I'm reading Serre's Algebraic groups and I was not able to understand a definition he gave there. Let $(X, \mathscr{O}_X)$ be a smooth projective curve. One defines $$ \mathscr{O}_{X,p} = \varinjlim_{p\in U \subseteq X} \mathscr{O}_X(U) $$ and $$ k(X) = \varinjlim_{U \subseteq X} \mathscr{O}_X(U) $$ which induces injections $$ \mathscr{O}_X(X) \to \mathscr{O}_{X,p} \to k(X). $$ Since $X$ is smooth $\mathscr{O}_{X,p}$ is a DVR. Let $\nu_p$ be its associated valuation. How is this valuation extended to $k(X)$? Serre says that if $f = ut^n$ where $u$ is an invertible element in $\mathscr{O}_{X,p}$ and $t$ a uniformizing parameter of $\mathscr{O}_{X,p}$ then $\nu_p(f) = n$. However, this is only defining $\nu_p$ for elements in $\mathscr{O}_{X,p}$ not $k(X)$. Am I missing something?

Answer 1

$\mathcal O_{X, p}$ is an integral domain, and $k(X)$ is its field of fractions.

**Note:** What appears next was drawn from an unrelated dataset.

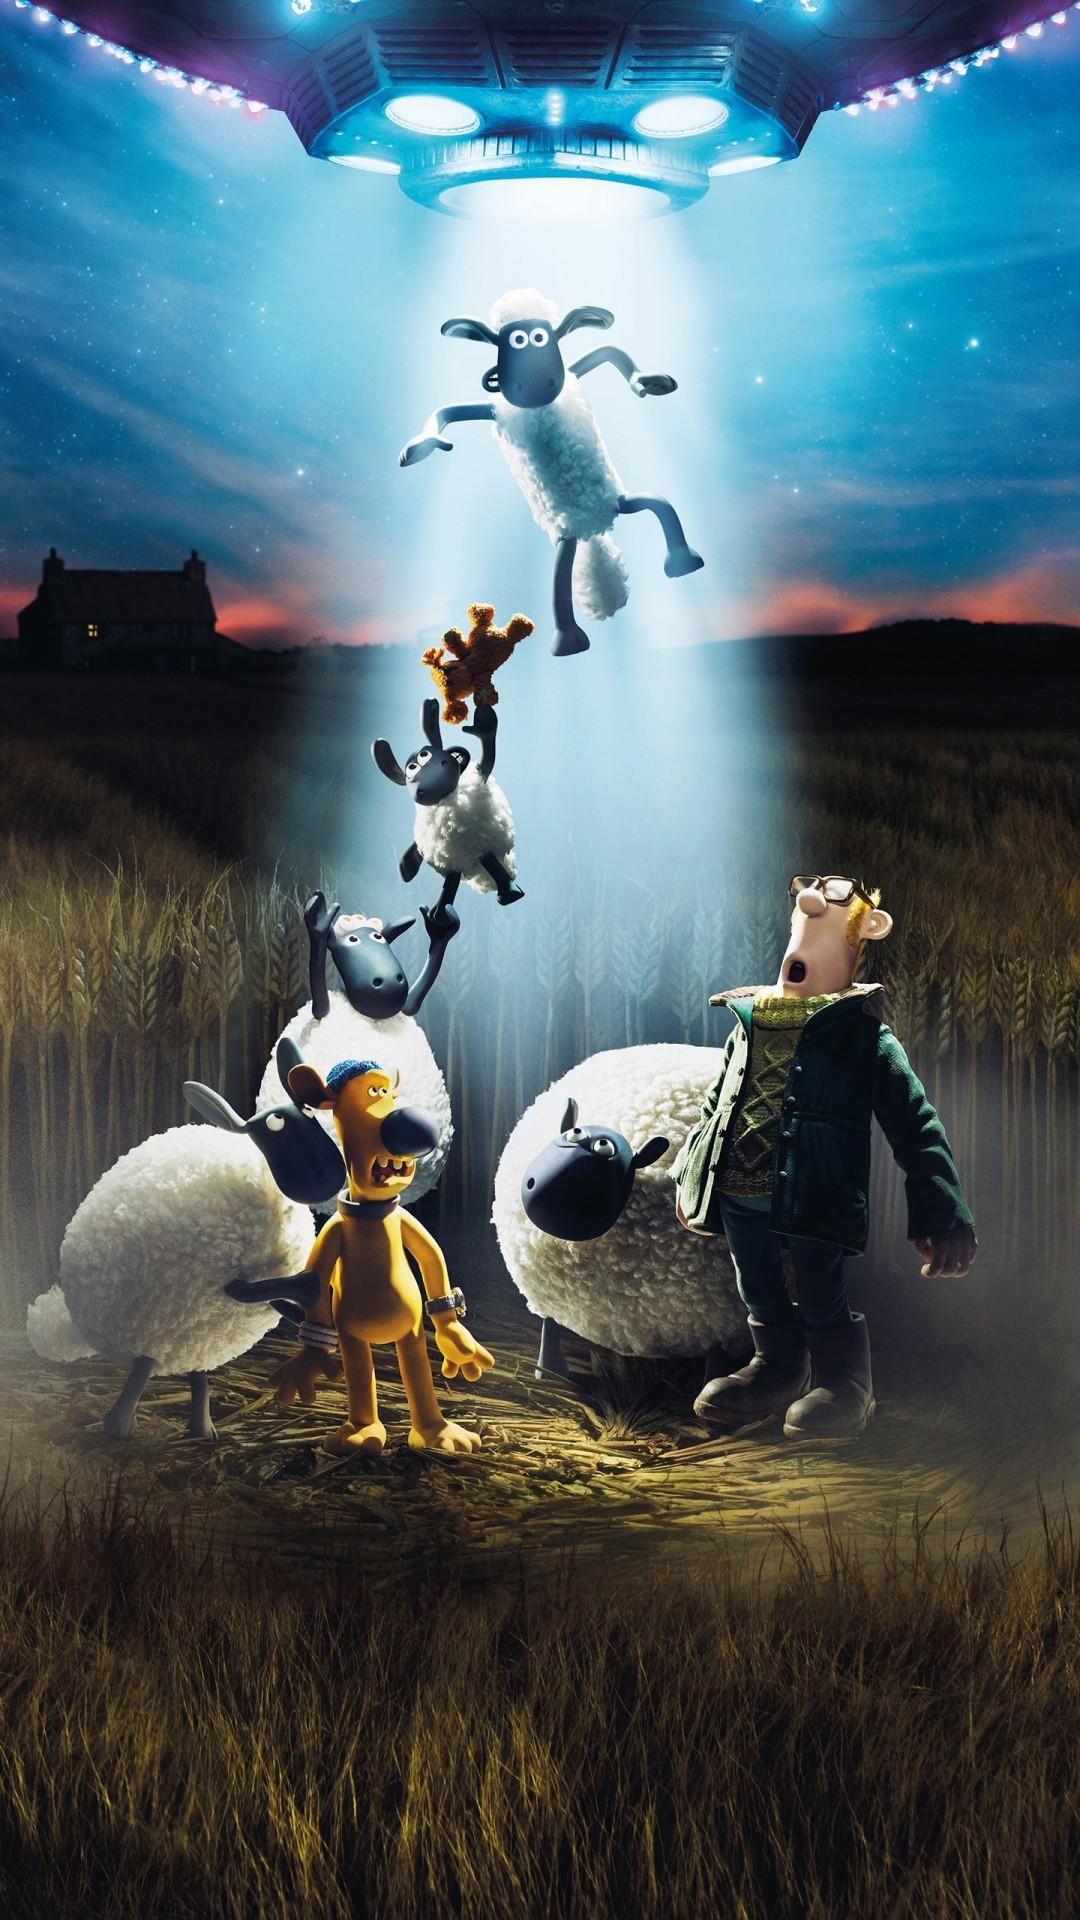 Free Shaun the Sheep Movie Farmageddon phone wallpaper by cvent15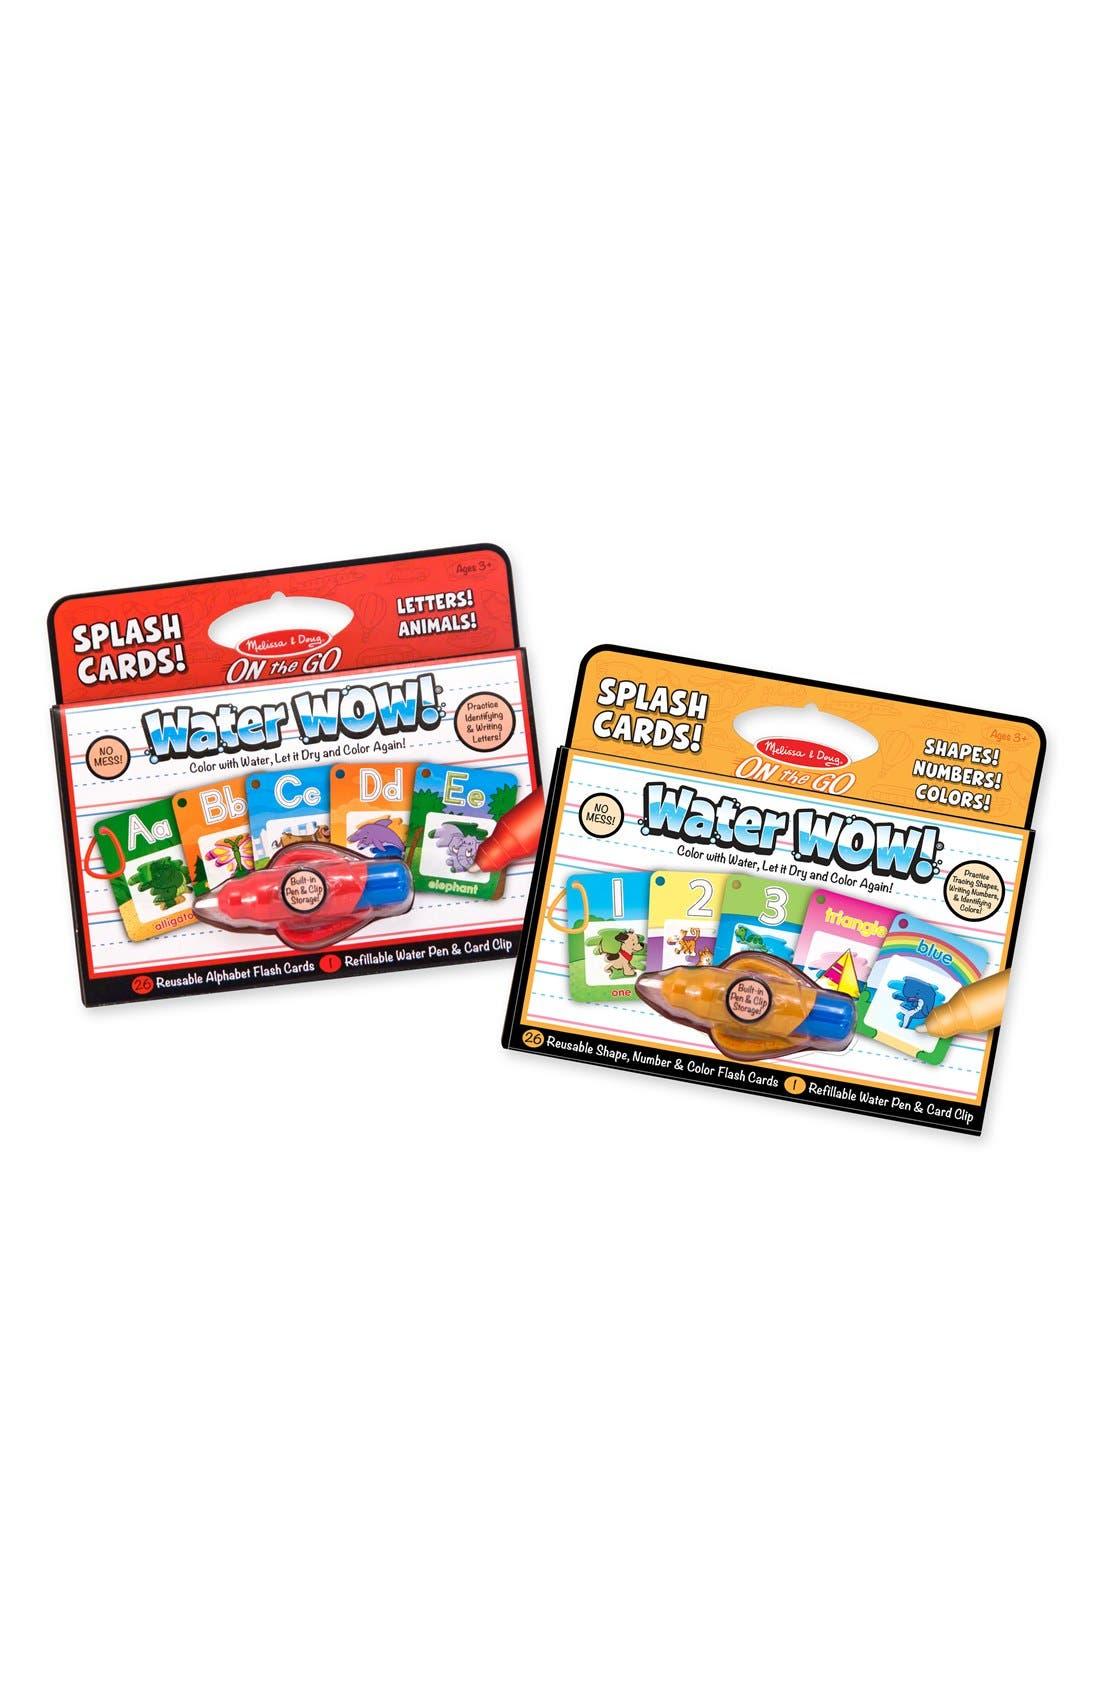 Main Image - Melissa & Doug 'Water WOW!' Splash Cards Set

Therefore, seeing that all elements in $\mathcal O_{X, p}$ can be written in the form $u t^n$ with $u$ a unit and $n \geq 0$, it must be the case that all elements in $k(X)$ can be written in the form $u t^n$ with $n$ positive or negative.

So for a given $f \in k(X)$, $v_p(f)$ can take any value in $\mathbb Z \cup \{ \infty \}$. Such an $f$ is contained in $\mathcal O_{X, p}$ if and only if $v_p(f) \geq 0$.